**Task:**
Would you return exactly the lines below from the line with "Shiro no Mokushiroku" through the line with "Dixon - Ticonderoga", both included, and nothing else, leaving out the pictures?

**Extracted entries:**
----
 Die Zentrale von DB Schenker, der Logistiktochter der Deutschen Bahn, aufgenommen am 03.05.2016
----
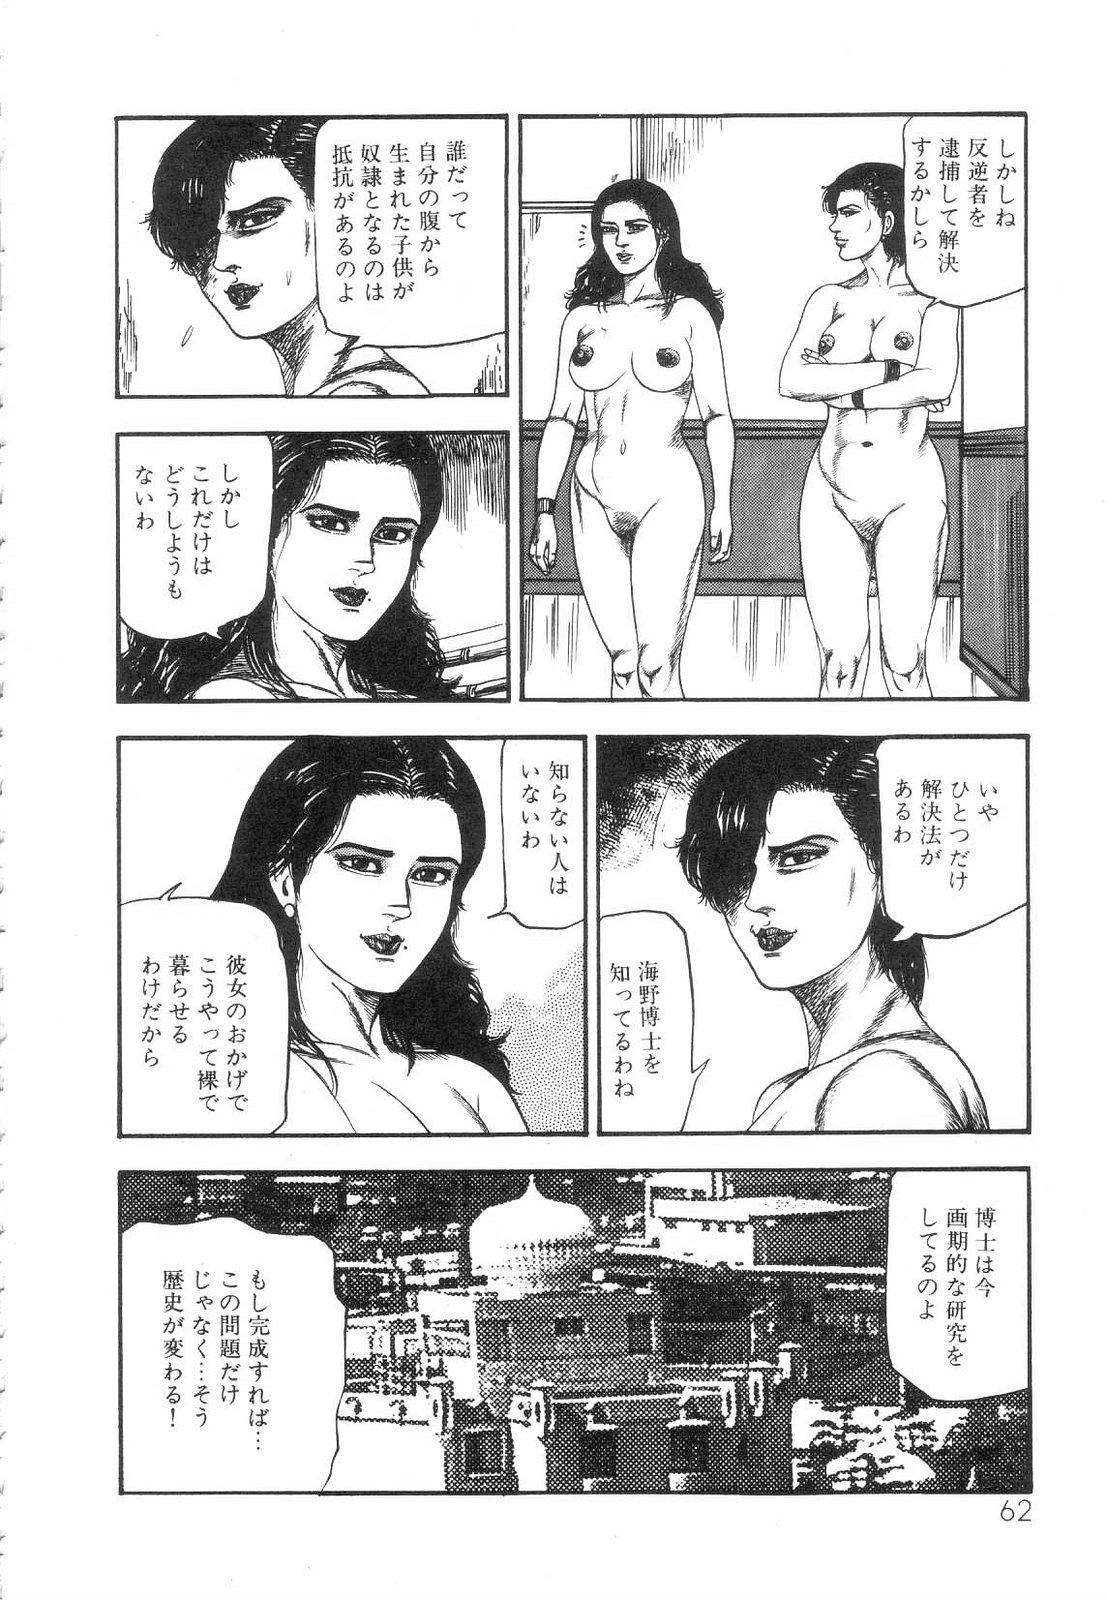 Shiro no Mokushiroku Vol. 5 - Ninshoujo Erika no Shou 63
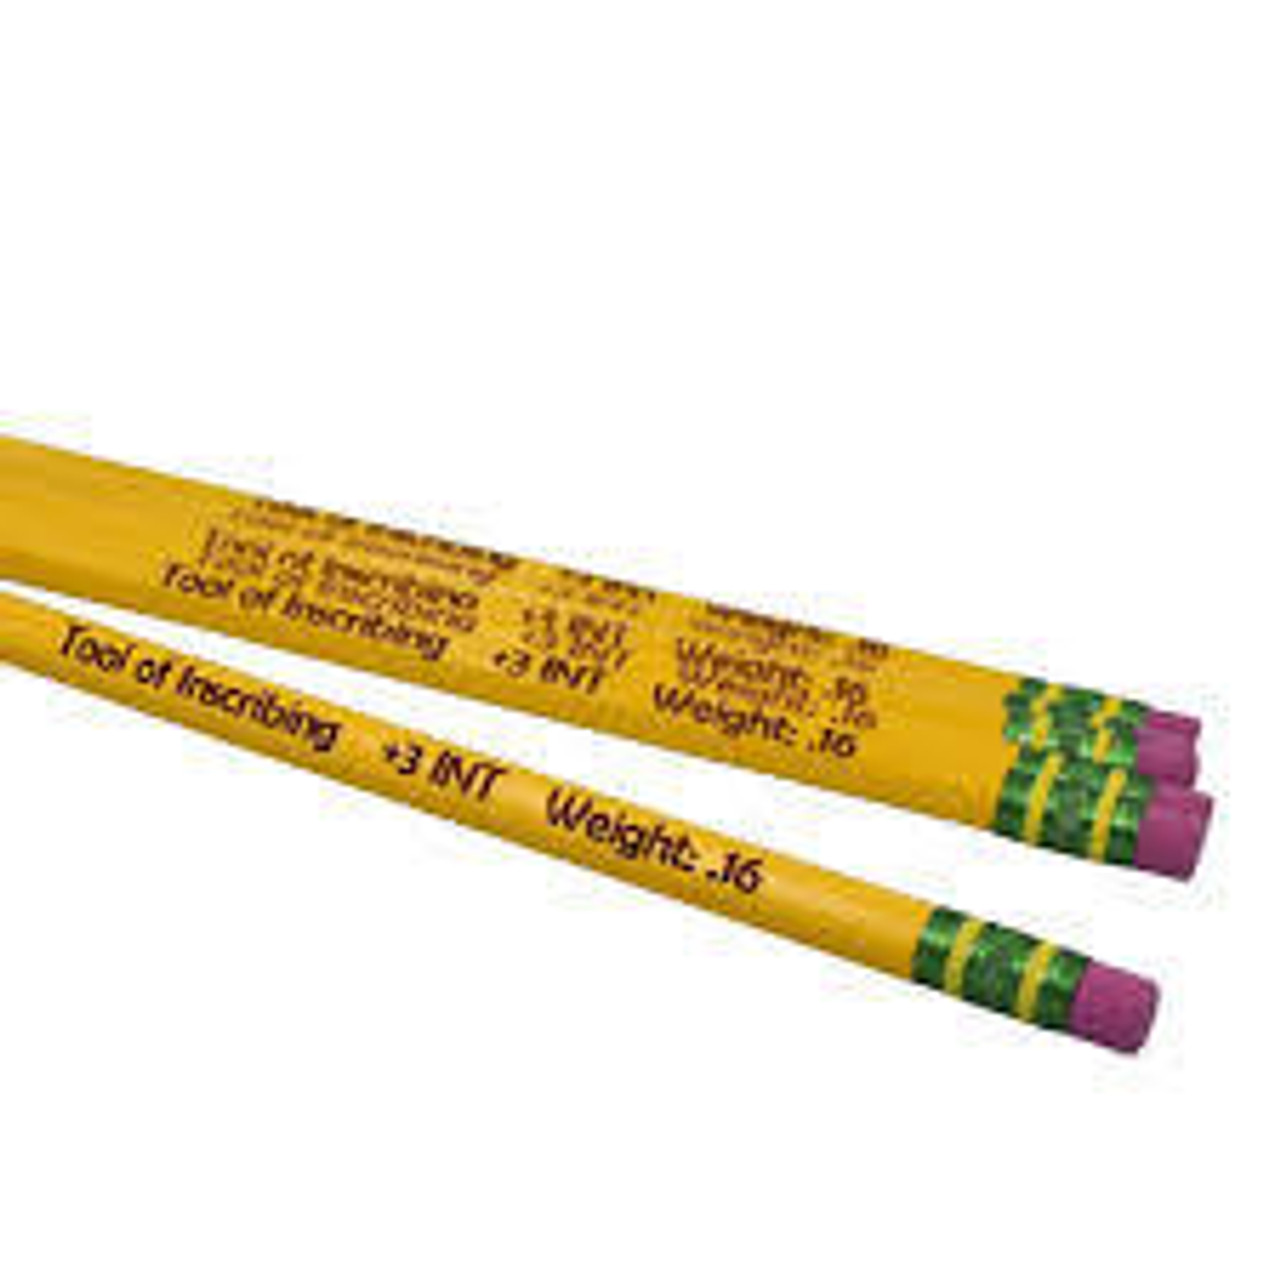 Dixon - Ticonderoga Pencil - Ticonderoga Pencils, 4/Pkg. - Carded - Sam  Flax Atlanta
----
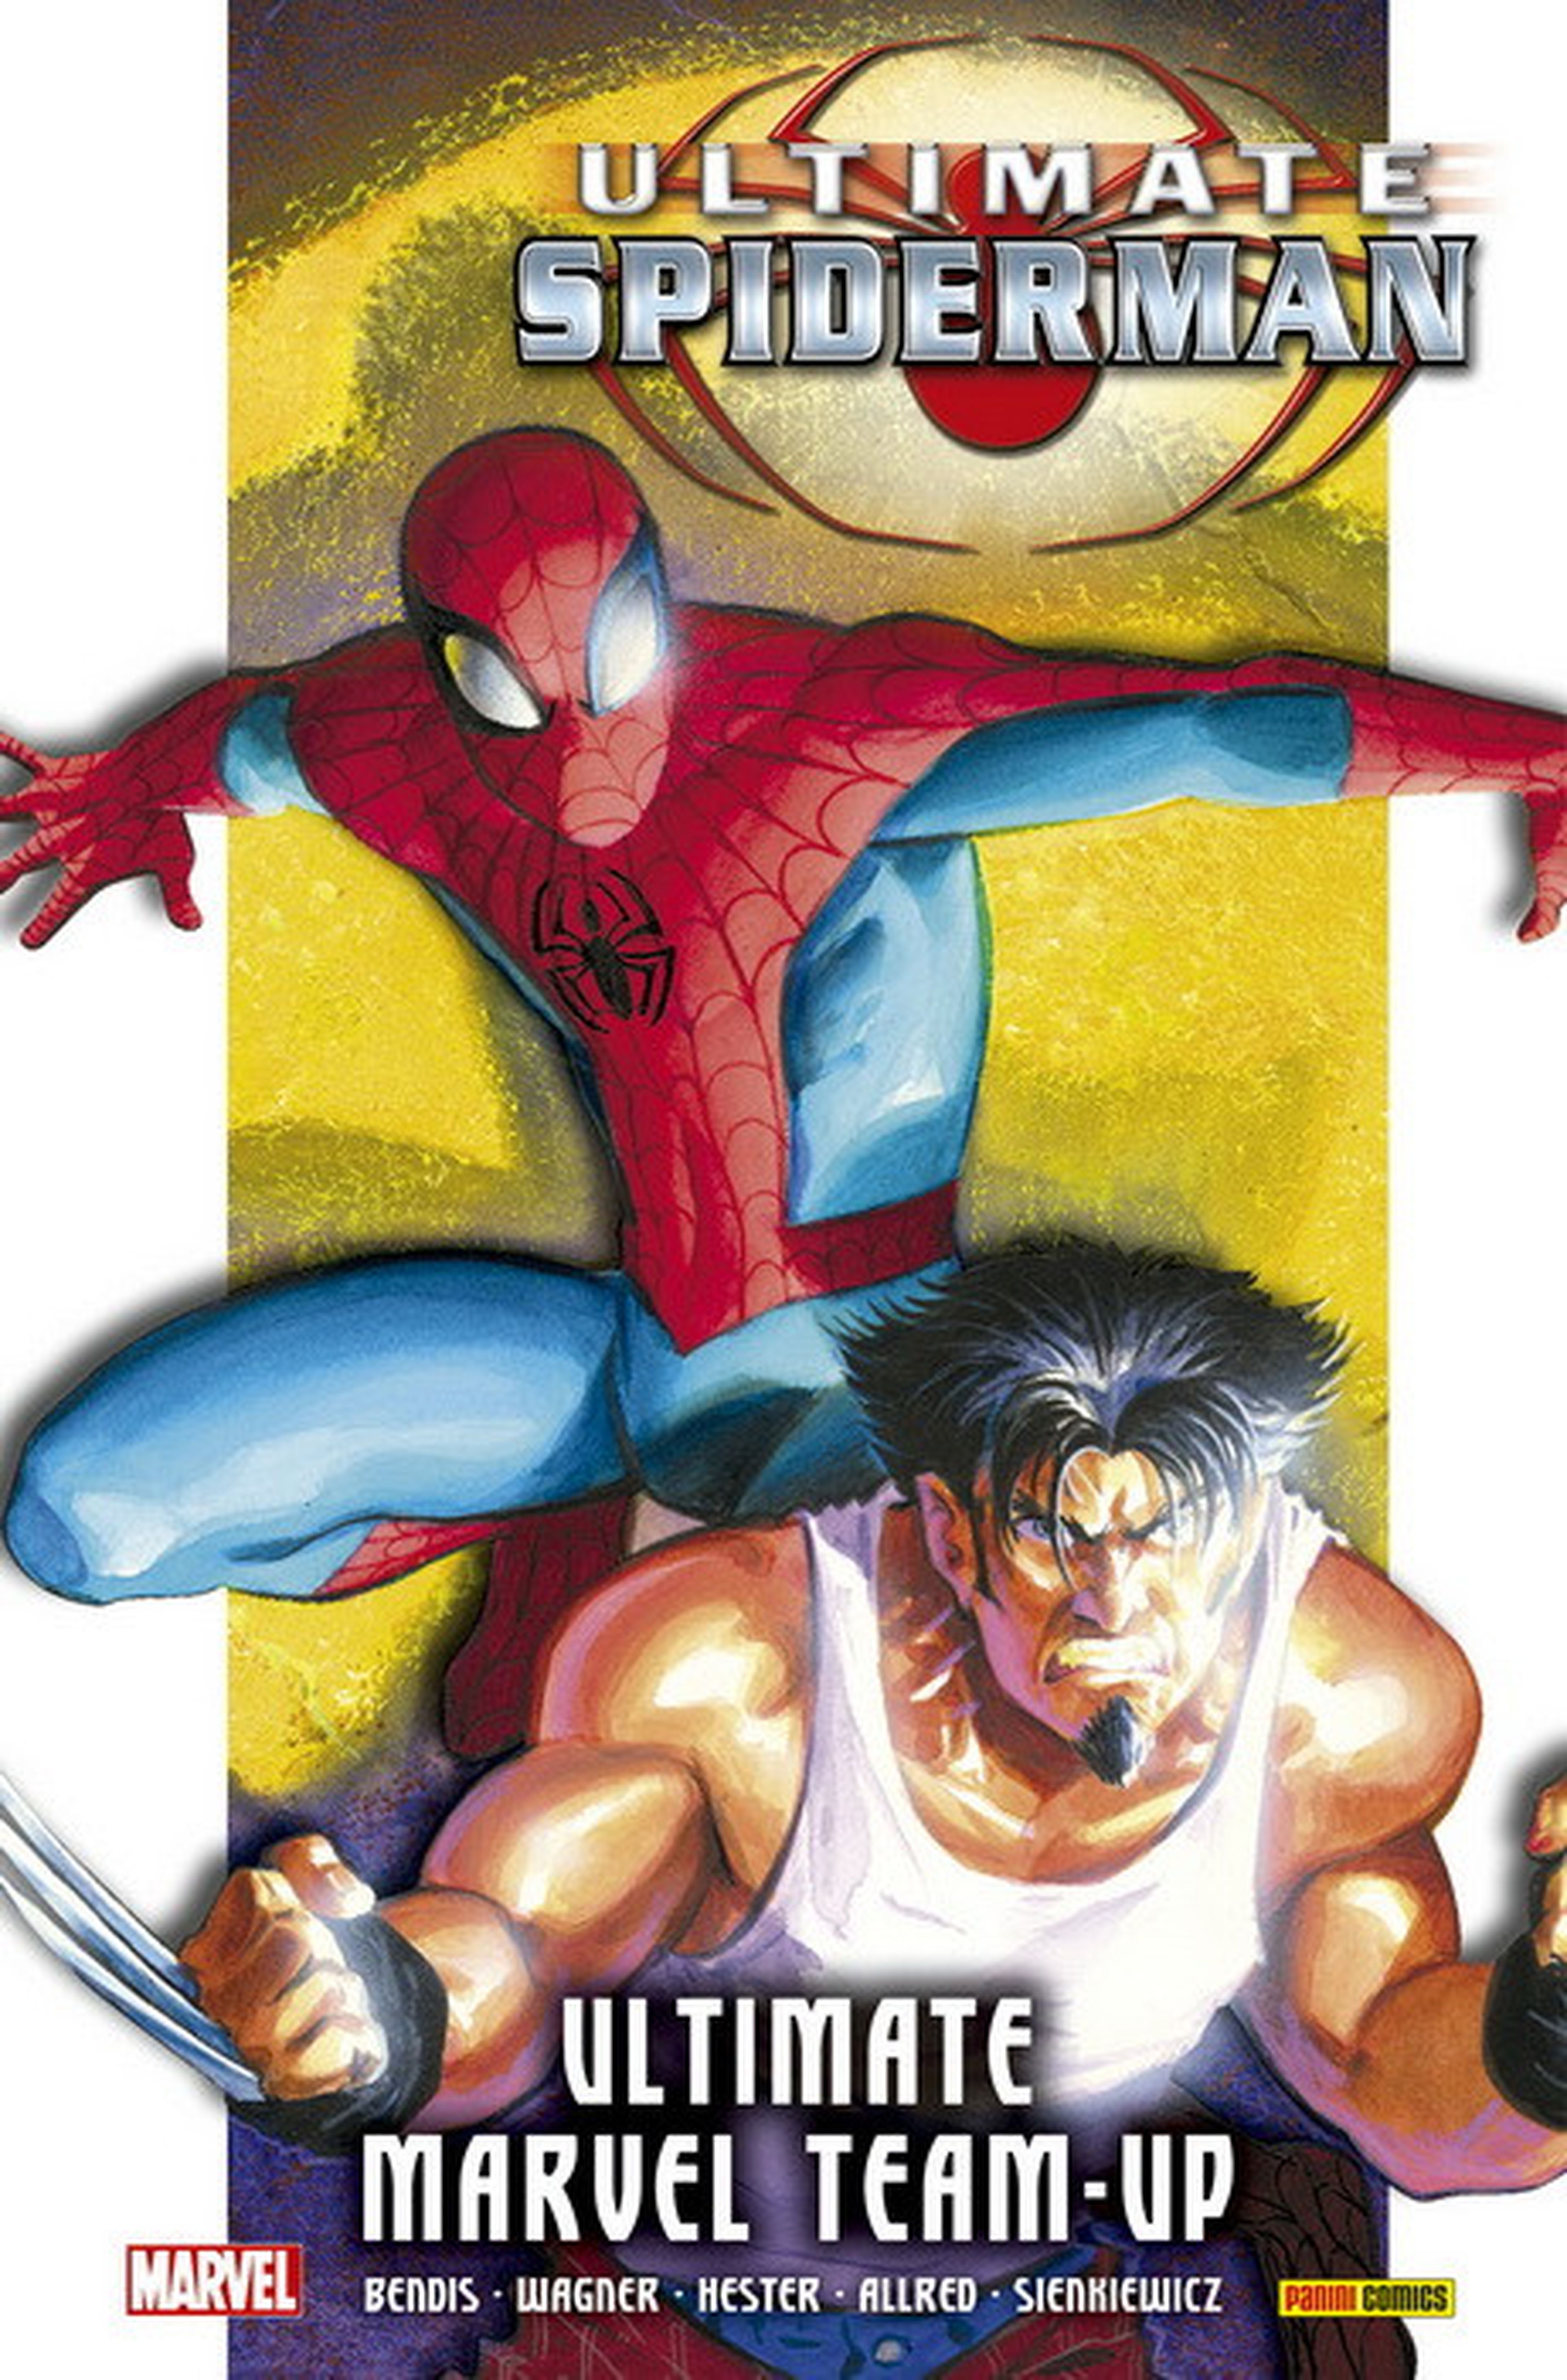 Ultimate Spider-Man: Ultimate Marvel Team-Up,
----
**Solution to this task:**
 Shiro no Mokushiroku Vol. 5 - Ninshoujo Erika no Shou 63
 Dixon - Ticonderoga Pencil - Ticonderoga Pencils, 4/Pkg. - Carded - Sam  Flax Atlanta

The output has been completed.